Tout, c’est-à-dire fait des propositions pour que le législateur nous aide à anticiper sur les difficultés d’un second tour.

Faute d’avoir engagé cette démarche intersyndicale et unitaire à temps, nous n’avons pas pu la faire aboutir et à obtenir satisfaction, notamment pour ce scrutin. Tout, c’est-à-dire proposer que le premier tour ait lieu le plus tôt possible pour que le second tour n’ait pas lieu pendant les vacances.

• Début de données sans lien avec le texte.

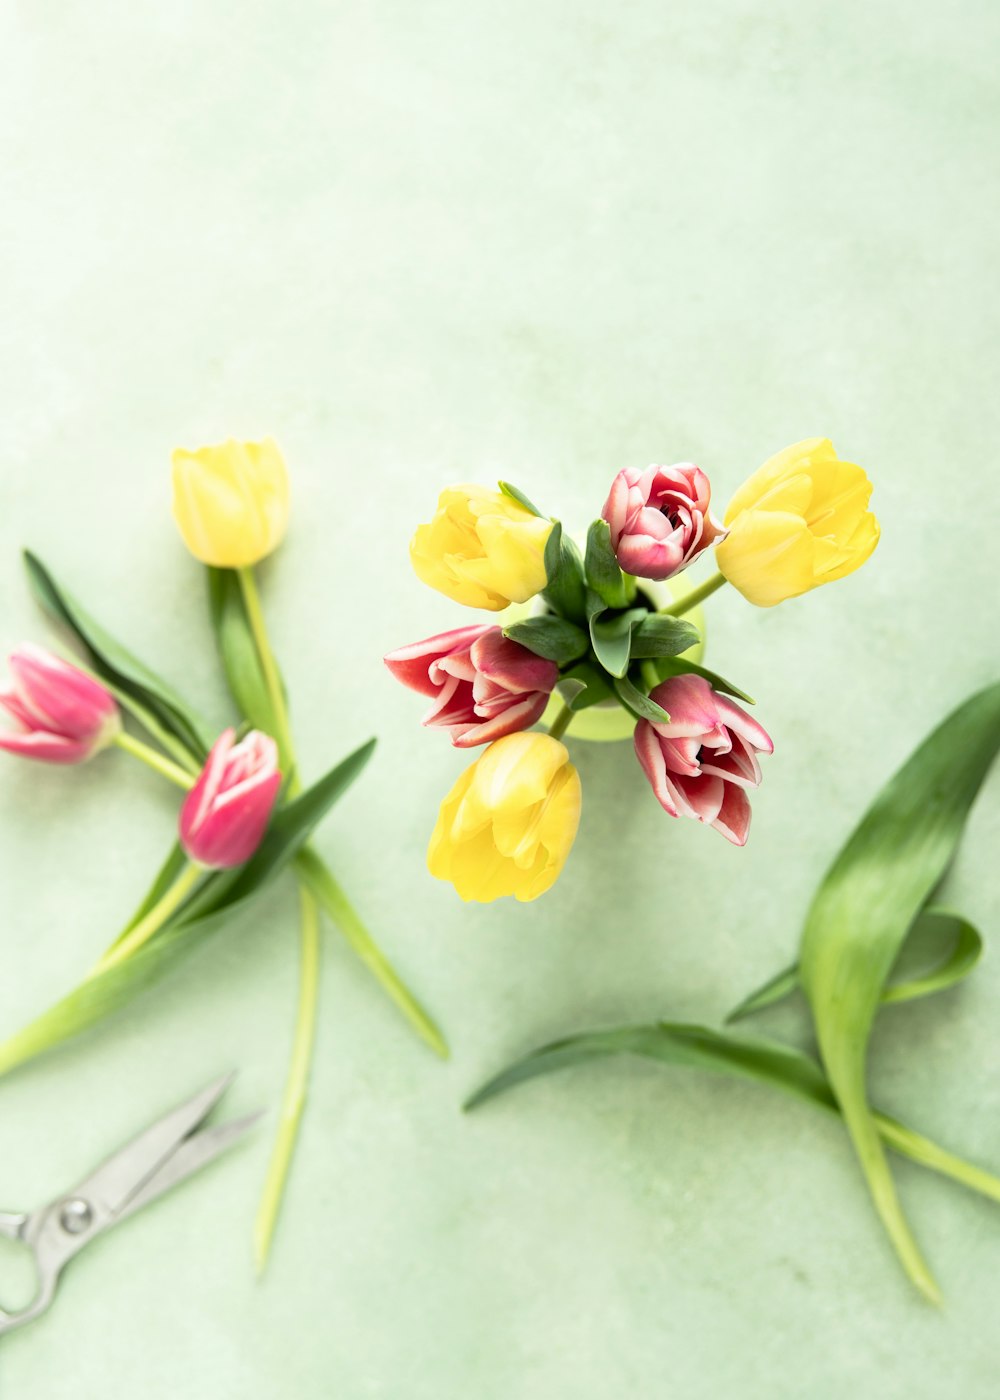 flores de tulipán amarillas y rosas

Sur ce point également, faute de discussions très en amont, nous nous sommes retrouvés contraints de fixer au 19 juin la date du premier tour des élections à la commission de la carte avec un protocole d’accord préélectoral prévoyant que les organisations syndicales se reverraient au soir du premier tour pour décider des modalités d’organisation du second tour (2).

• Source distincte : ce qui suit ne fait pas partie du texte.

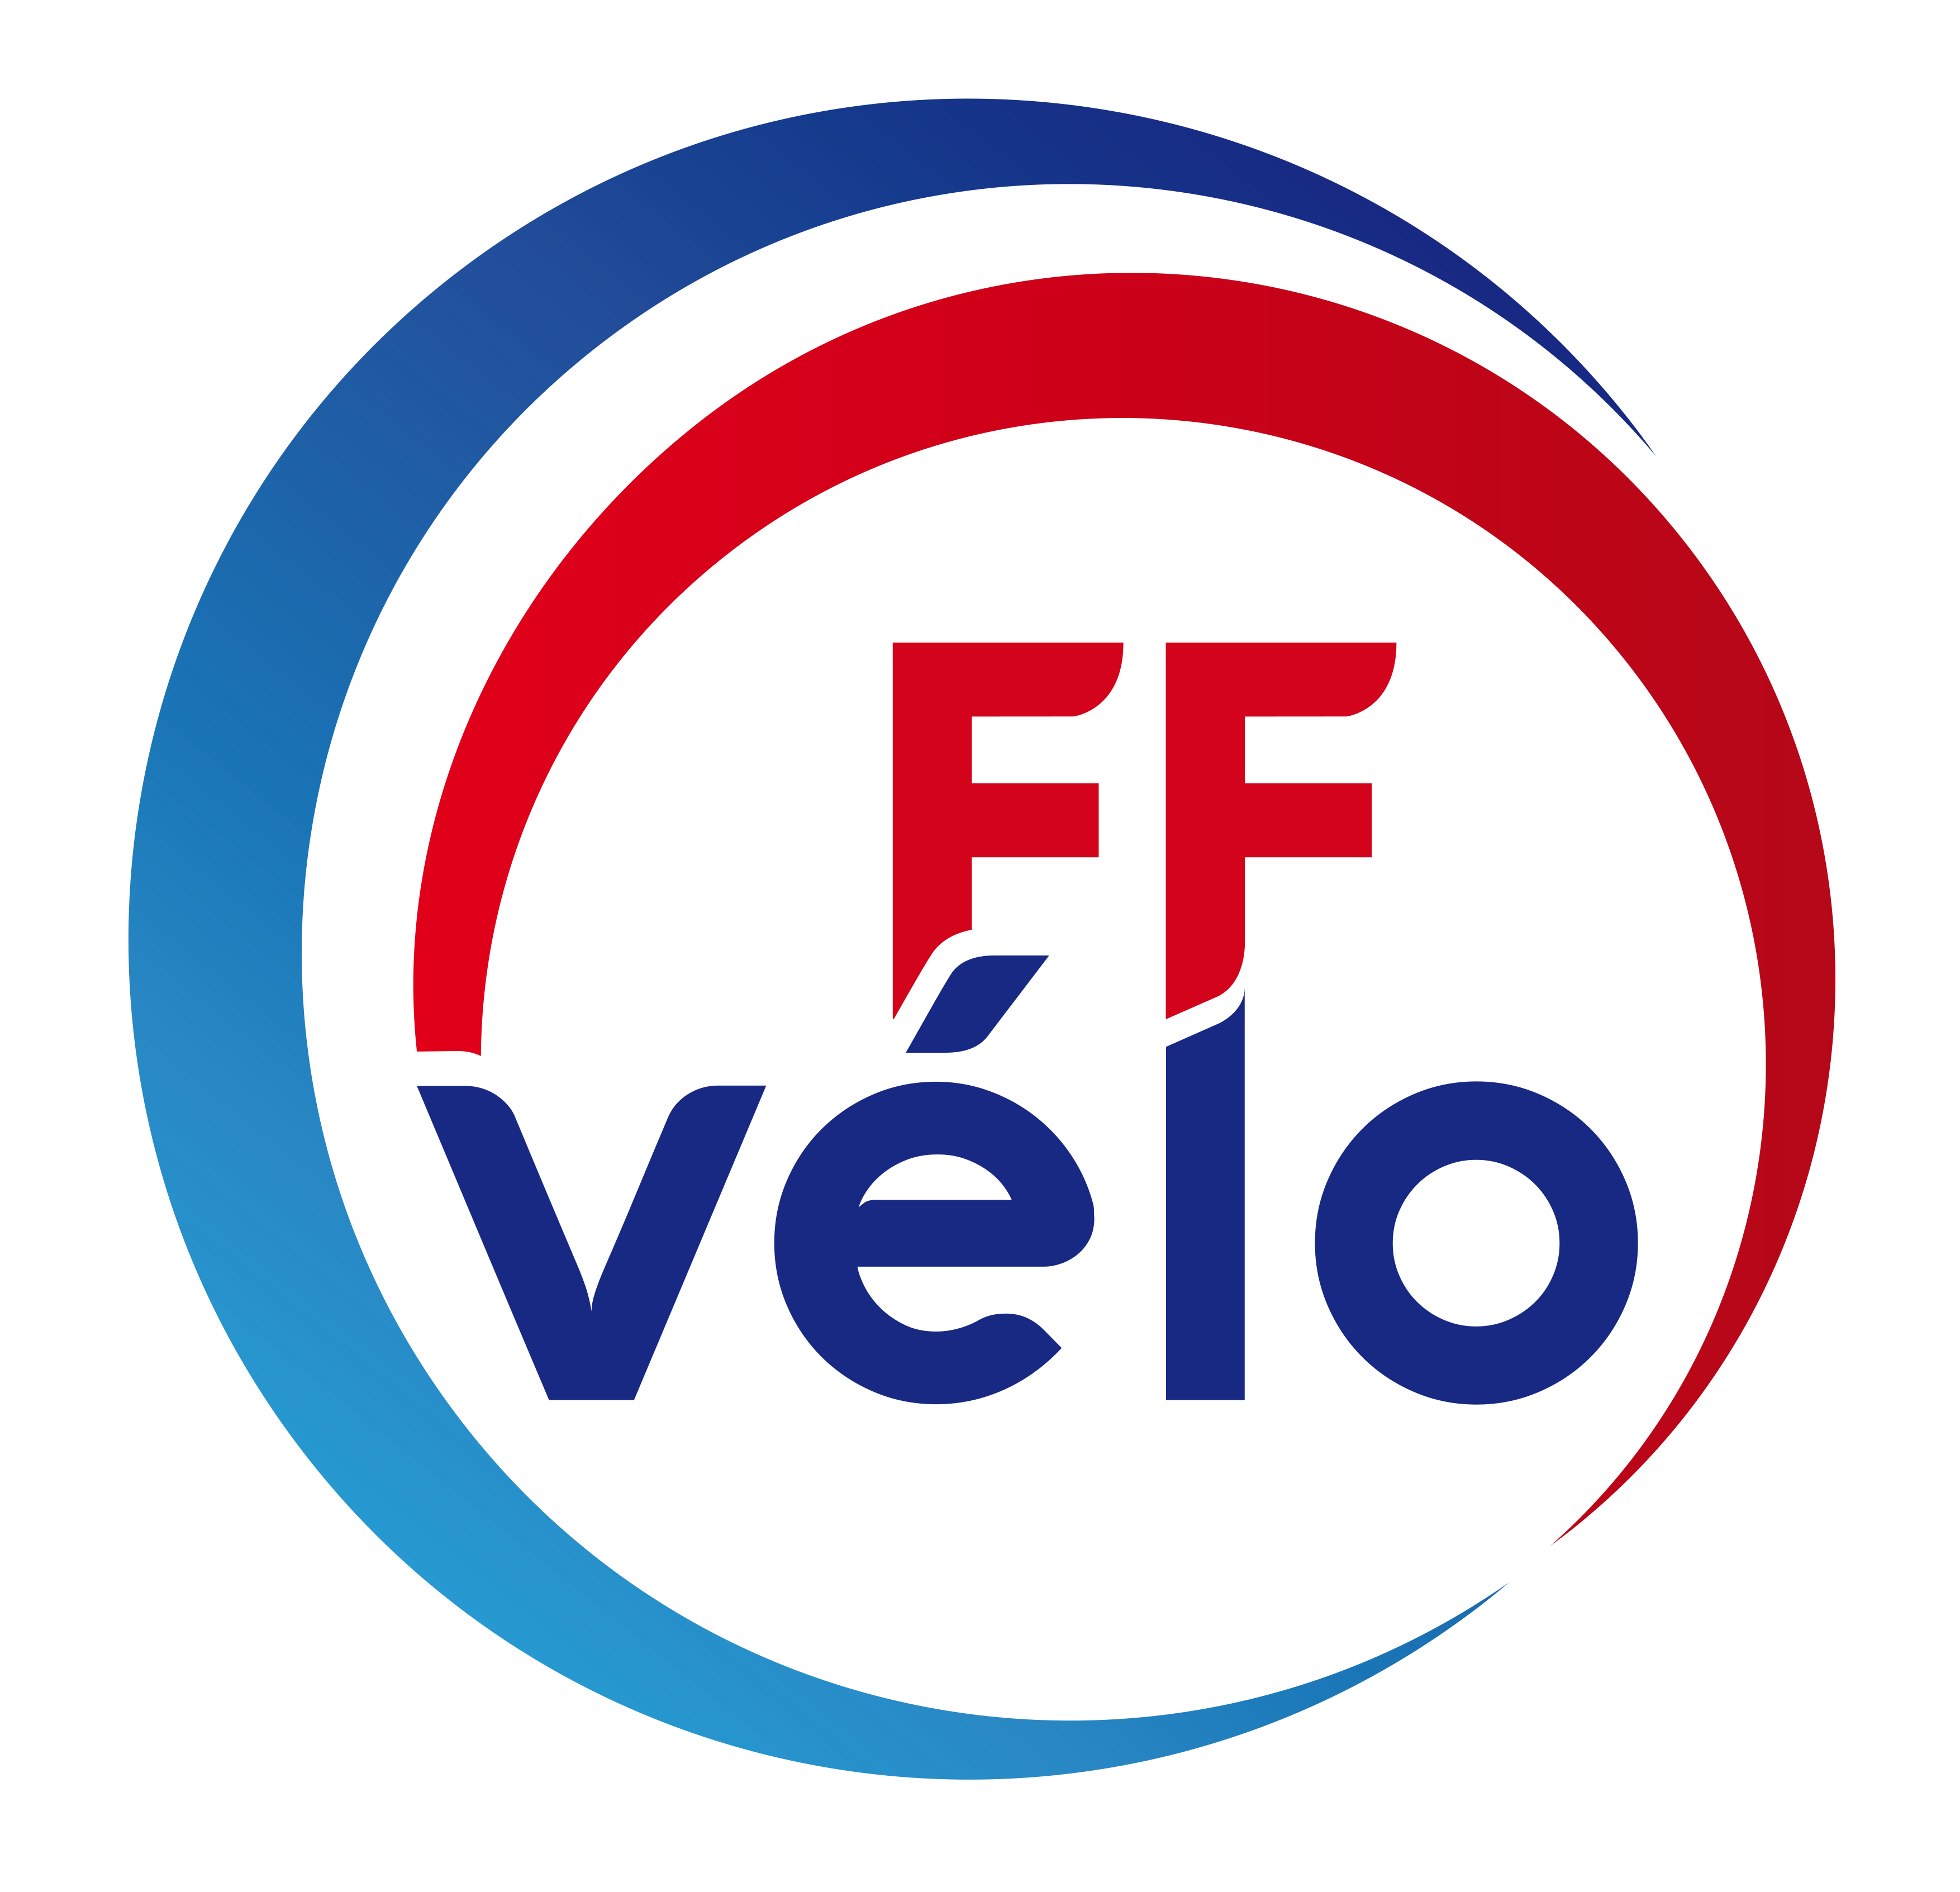 www.ffvelo.fr

Jeudi 19 juin, à la clôture du scrutin, certaines organisations syndicales ont proposé un report de la date du scrutin à la date du 30 juin au motif, réel, que de nombreux votes de journalistes étaient sans doute bloqués dans des bureaux de poste en grève. . Nous n’avons pas accepté cette proposition : 1 Parce que celle-ci était en infraction à la loi et au protocole d’accord préélectoral et que nous prenions de ce fait le risque réel d’une annulation du scrutin avec obligation de procéder à un nouveau scrutin à la rentrée et, de ce fait, risque réel de blocage de la commission pendant de plusieurs mois. 2 Parce que, en cas de report, et indépendamment des risques d’annulation des élections et de blocage de la commission évoqués plus haut, nous ne savions de toutes façons pas si le nombre de votes bloqués ou de bulletins perdus était supérieur à 1850 et si ces votes bloqués parviendraient à la commission avant le 30 juin 2003. En cas de quorum non satisfait au soir du 30 juin, il aurait fallu alors organiser un second tour fin juillet avec un risque accru de journalistes exclus de fait de toute possibilité de participer à ce scrutin courant juillet. 4 Parce que le report empêchait de fait l’émergence de candidatures libres de toute appartenance syndicale comme le prévoit la loi pour le second tour.

C’est pour toutes ces raisons que, en dehors de toutes considérations polémiques et pour éviter tout imbroglio juridique et tout blocage de la commission de la carte pendant de nombreux mois, l’USJ-CFDT et le SNJ-CGT ont, après consultation des pouvoirs publics et des juristes de nos deux organisations et en accord avec le président de la commission de la carte qui a, lui aussi, considéré qu’il n’y avait pas d’autre solution, décidé de signer un protocole d’accord préélectoral pour l’organisation du second tour de scrutin le 18 juillet 2003.

Telle est la vérité des faits.

Tout le reste n’est que polémique, dont nous regrettons qu’elle contribue, bien plus que l’organisation d’un second tour, à affaiblir la commission de la carte et le mouvement syndical chez les journalistes professionnels.

L’USJ-CFDT et le SNJ-CGT font confiance aux 16 161 journalistes qui avaient participé au premier tour de scrutin. Ils sauront renouveler leur geste civique lors du second tour de ces élections à la commission de la carte. L’USJ-CFDT et le SNJ-CGT appellent également l’ensemble des journalistes de toutes les formes de presse à voter massivement dès réception de leur matériel électoral. C’est ainsi que les journalistes professionnels manifesteront leur attachement et leur volonté de défendre la commission de la carte qui est un outil essentiel pour la défense de notre statut.

Pour l’USJ-CFDT
Alain Goguey, secrétaire général

Pour le SNJ-CGT
Michel Diard, secrétaire général

Paris, le 20 juin 2003

(1) Les élections à la commission de la carte sont les seules élections professionnelles ) nationales qui soient organisées à deux tours. S’agissant des élections prud’homales ou à la sécurité sociale, le législateur a fait le choix d’un scrutin à un tour pour éviter les lourdeurs inhérentes à l’organisation d’un second tour inévitable compte tenu des taux de participation enregistrés aujourd’hui. Cette disposition n’a pas été prévue pour les élections à la commission de la carte.

(2) La loi prévoit que le second tour a lieu dans un délai d’un mois qui suit les élections. C’est elle également qui fixe au 30 juin le terme du mandat des commissaires.